Mapping out these findings shows a story of complexity. The following graph displays the predicted percentage of people concerned by facial recognition in policing for each combination of identity markers (which can be combined in over 150 ways). We find that historically privileged groups have lower levels of concern around this technology than others – they are marked in red, and at the lower end of the graph.

More specifically, we find that Black men and women under the age of 35 are the most concerned by facial recognition in policing, irrespective of income level, while women with their ethnicity recorded as ‘other’ and without digital skills were least concerned. We see here how the technology may relate to systems of oppression that over-surveil some communities.

When applied, QuantCrit’s principles can improve the representation of the experiences of diverse publics in debates around AI. Working through the challenges of doing this at funding, researcher and policy levels will improve the quality of the evidence we have on attitudes to AI, and therefore the recommendations for change we can make to policymakers. And while it is true that we need to include more communities and collect more data, the application of QuantCrit principles shows that sometimes what we need is more careful coverage and nuanced presentations of the data.

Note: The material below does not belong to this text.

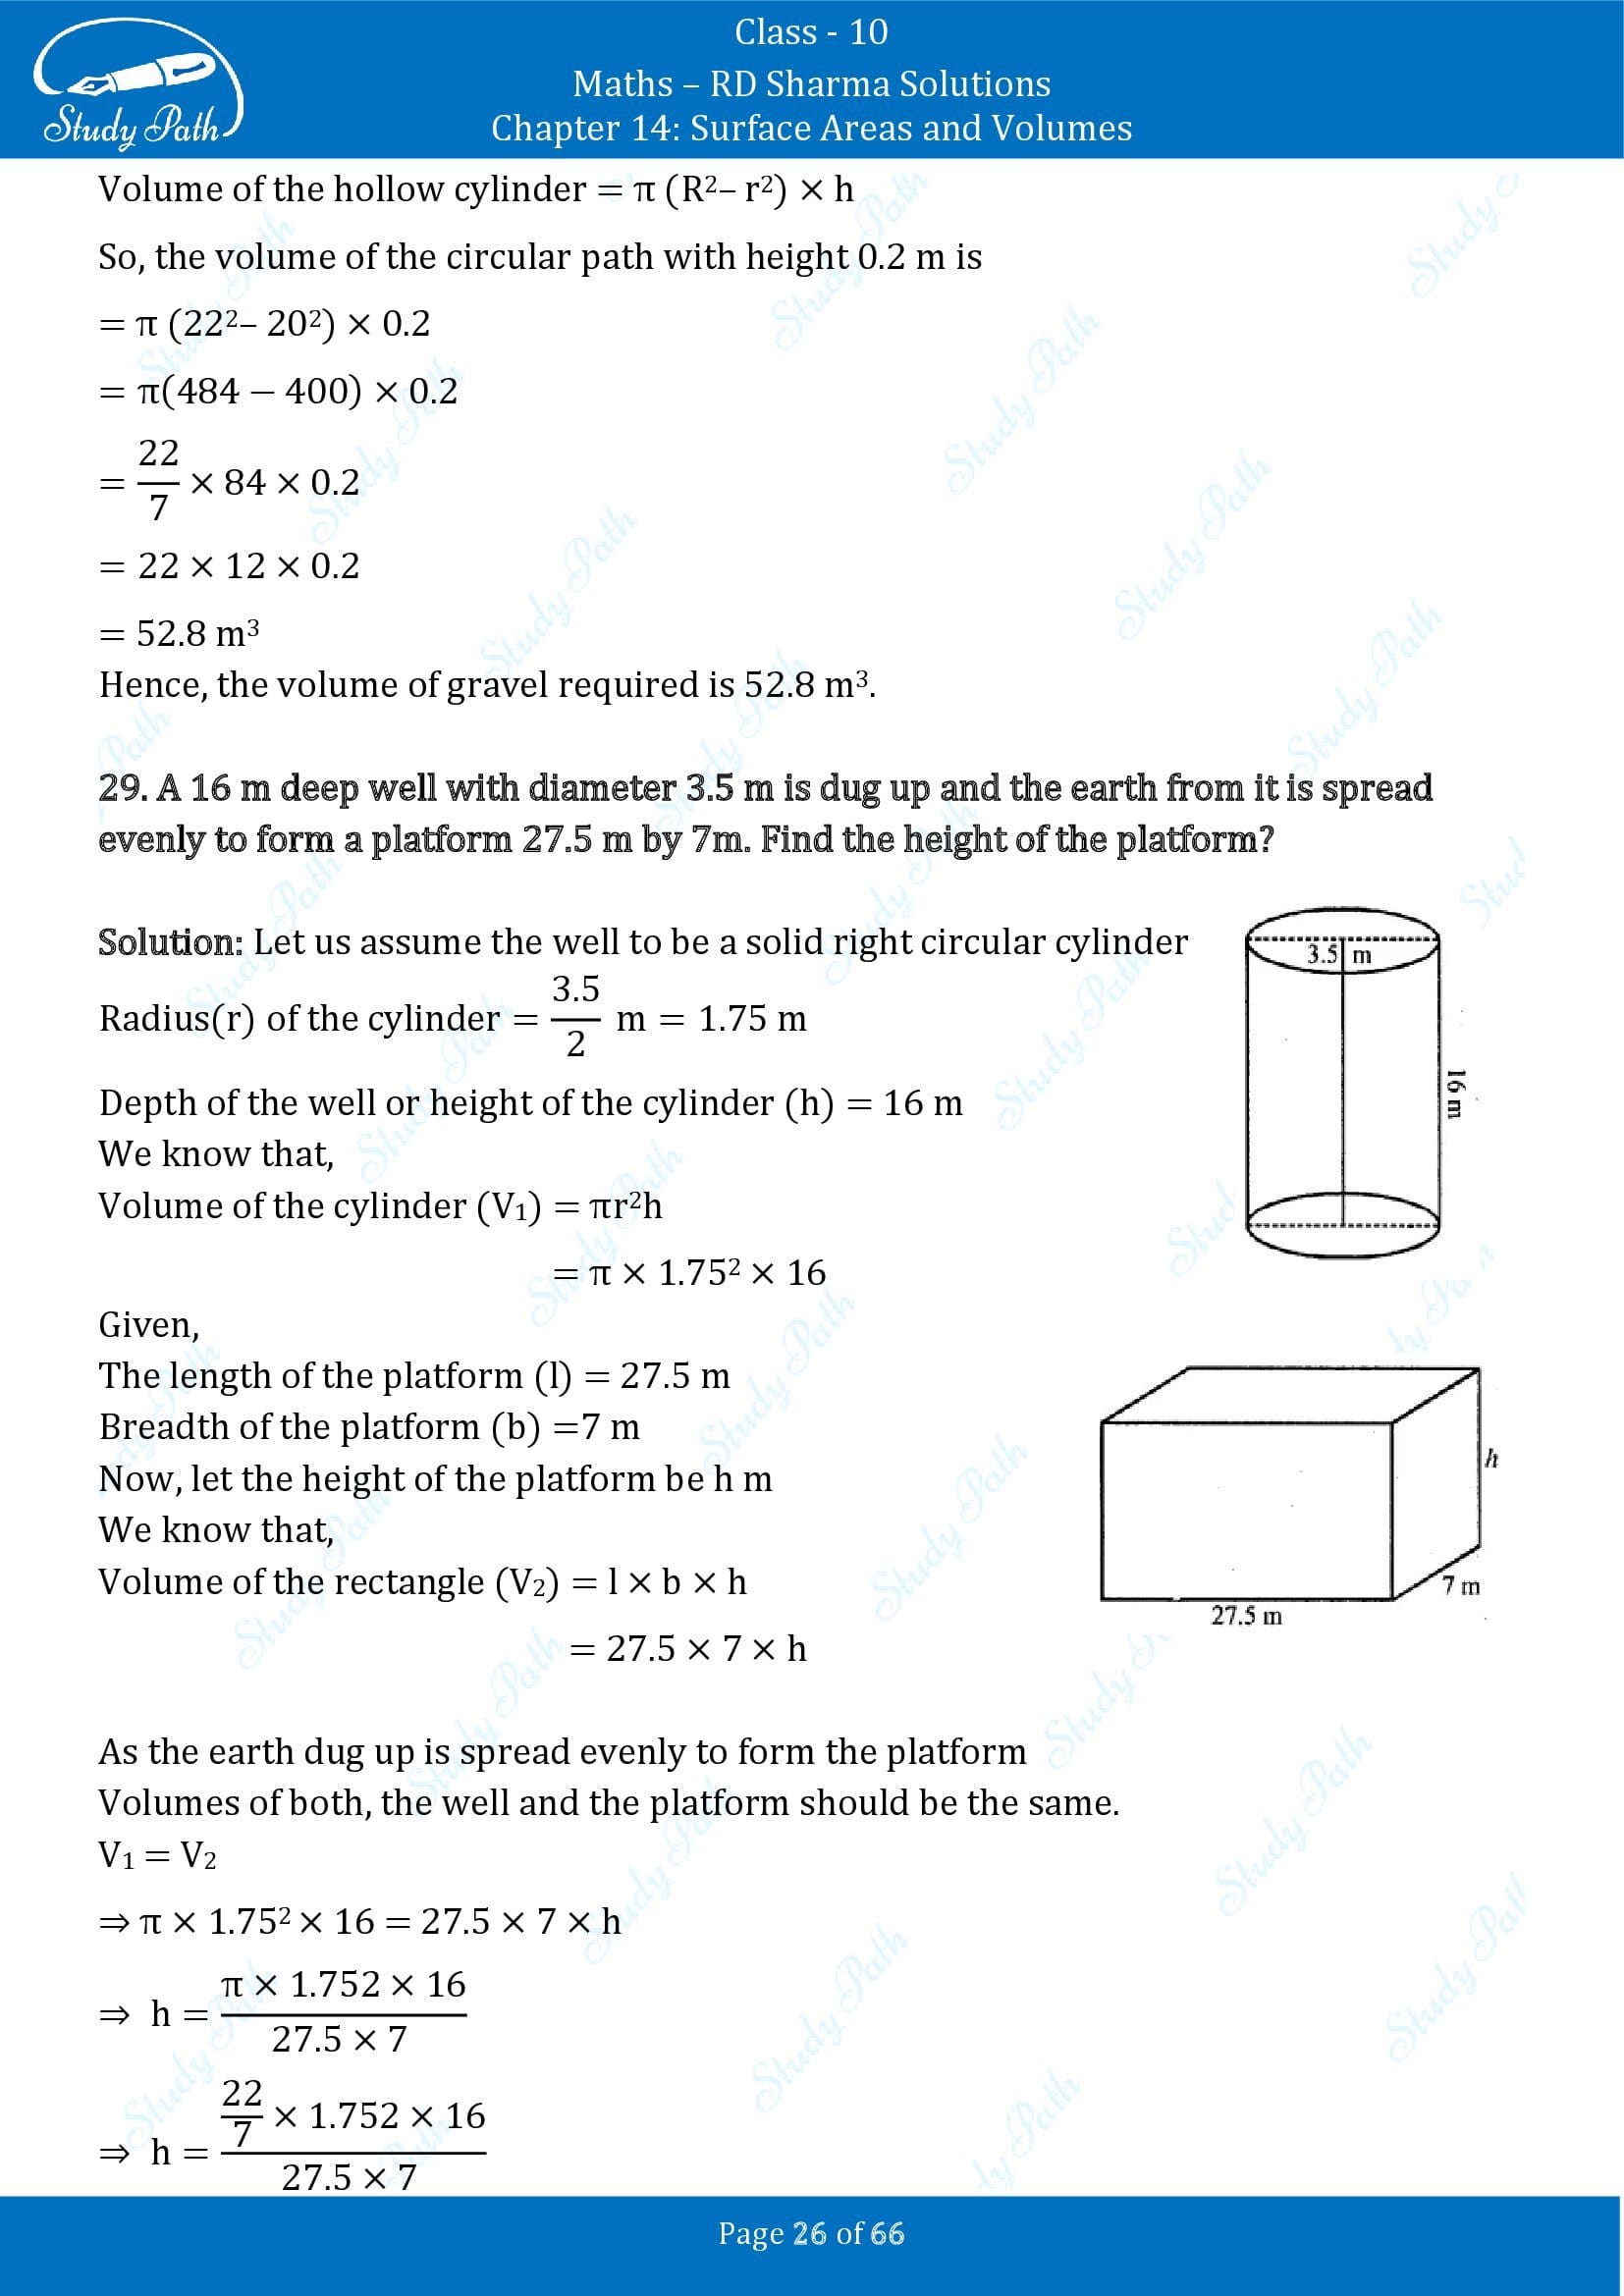 RD Sharma Solutions Class 10 Chapter 14 Surface Areas and Volumes Exercise 14.1 00026

The integration of quantitative critique into established norms of survey production is still an emerging practice that brings together disparate strands of research practice to think holistically about more equitable and inclusive ways of doing quantitative public attitudes surveys.

For survey evidence to make a difference, however, we need participation to be ‘ecologised’. This requires that governments consistently use appropriate participatory methods and evidence, and close the loop on evidence informing policy by meaningfully involving people in AI governance. Meaningful involvement means people’s opinions are sought, heard and acted on in ways that make a difference to how technologies are developed, deployed and regulated.

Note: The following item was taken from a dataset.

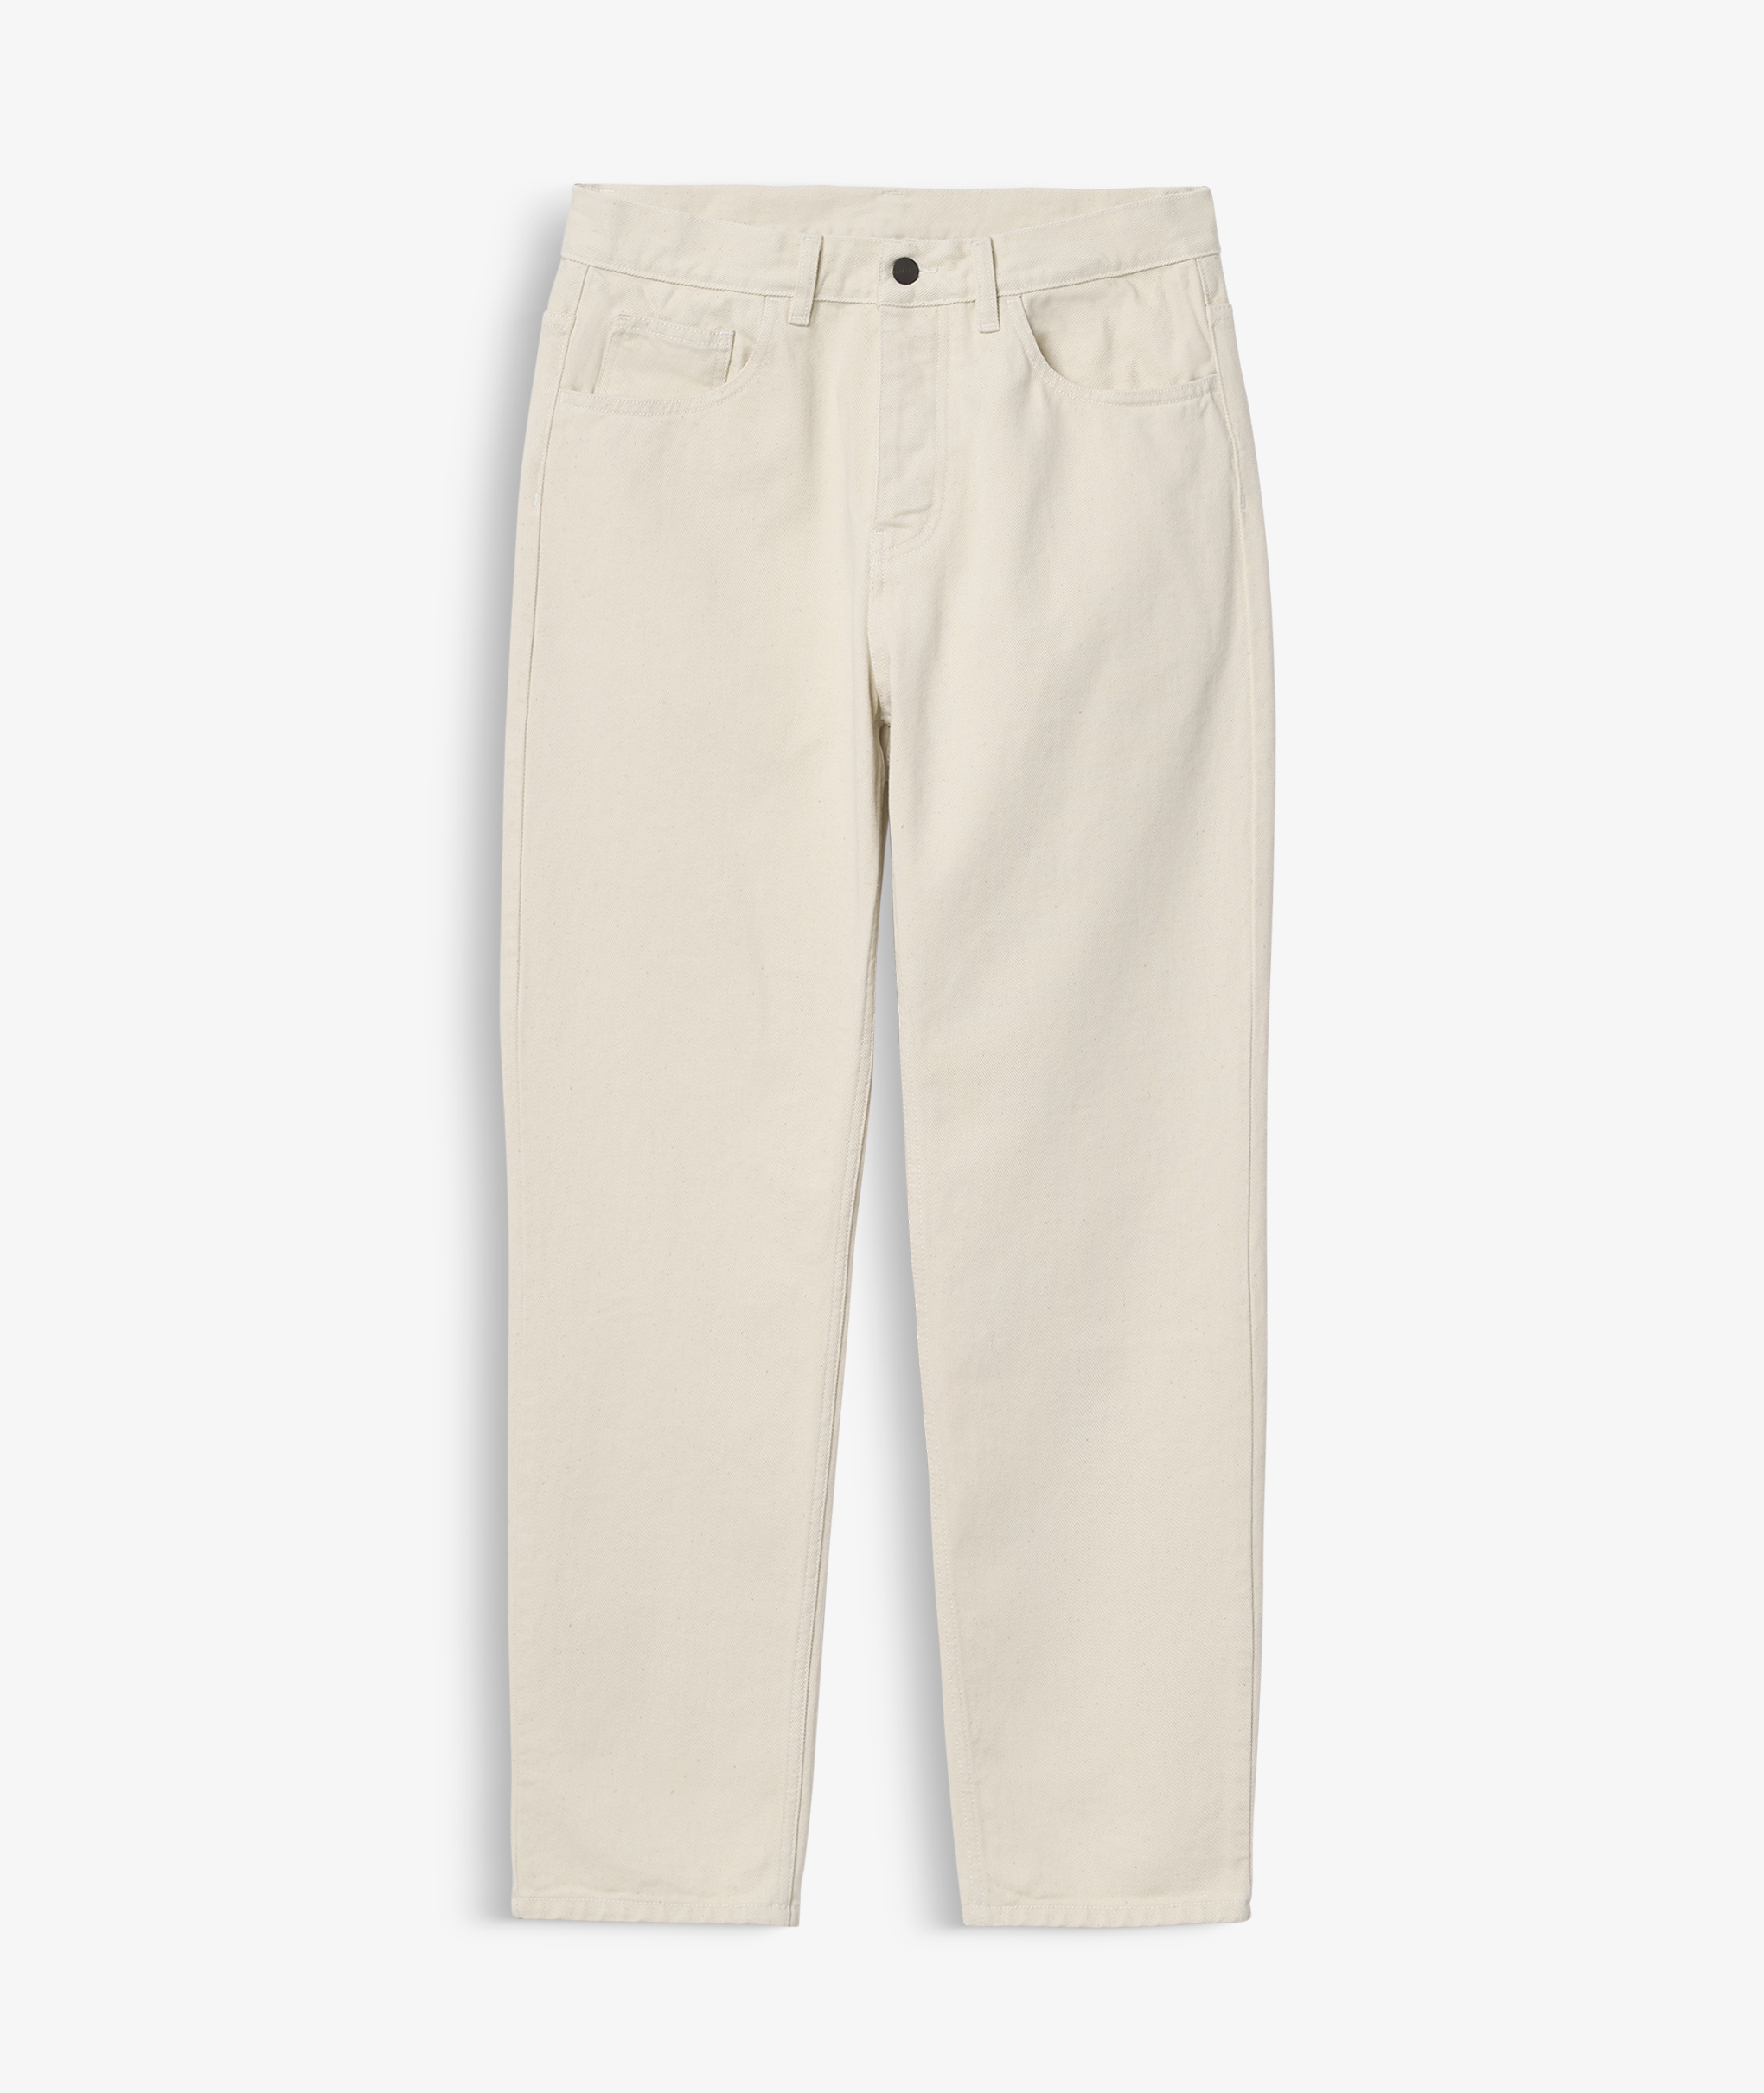 Norse Store | Shipping Worldwide - Carhartt Newel Pant - Natural Stone Wash

Quantitative research is often seen as the ‘gold standard’ of evidence, but if social science norms and survey provider limitations are accepted uncritically, this evidence risks reproducing specific systemic biases that reinforce societal inequalities by excluding people from the evidence base. We know that there isn’t one ‘public’ and that demographics and experience make a difference to people’s attitudes towards AI. Drawing from social and democratic theory and practice, we can apply critical concepts of participation to survey methodology – throughout survey workflows, from funding to design, analysis and dissemination – to produce more inclusive and equitable quantitative research and mitigate participatory inequalities.

Addressing the representation issues that mean minoritised perspectives are left out of the evidence more legible to policymakers is essential if we are to move towards an equitable AI ecosystem in which technologies are developed and deployed in ways that respect people’s preferences.

This blog is based on a paper by Roshni Modhvadia for the Participatory AI Research & Practice Symposium (PAIRS), Delhi, 17-18 February 2026. For more information about PAIRS and to join the Discord channel: [].

 

[1] Based on an a priori calculation of sample sizes for t tests looking at differences between two independent means.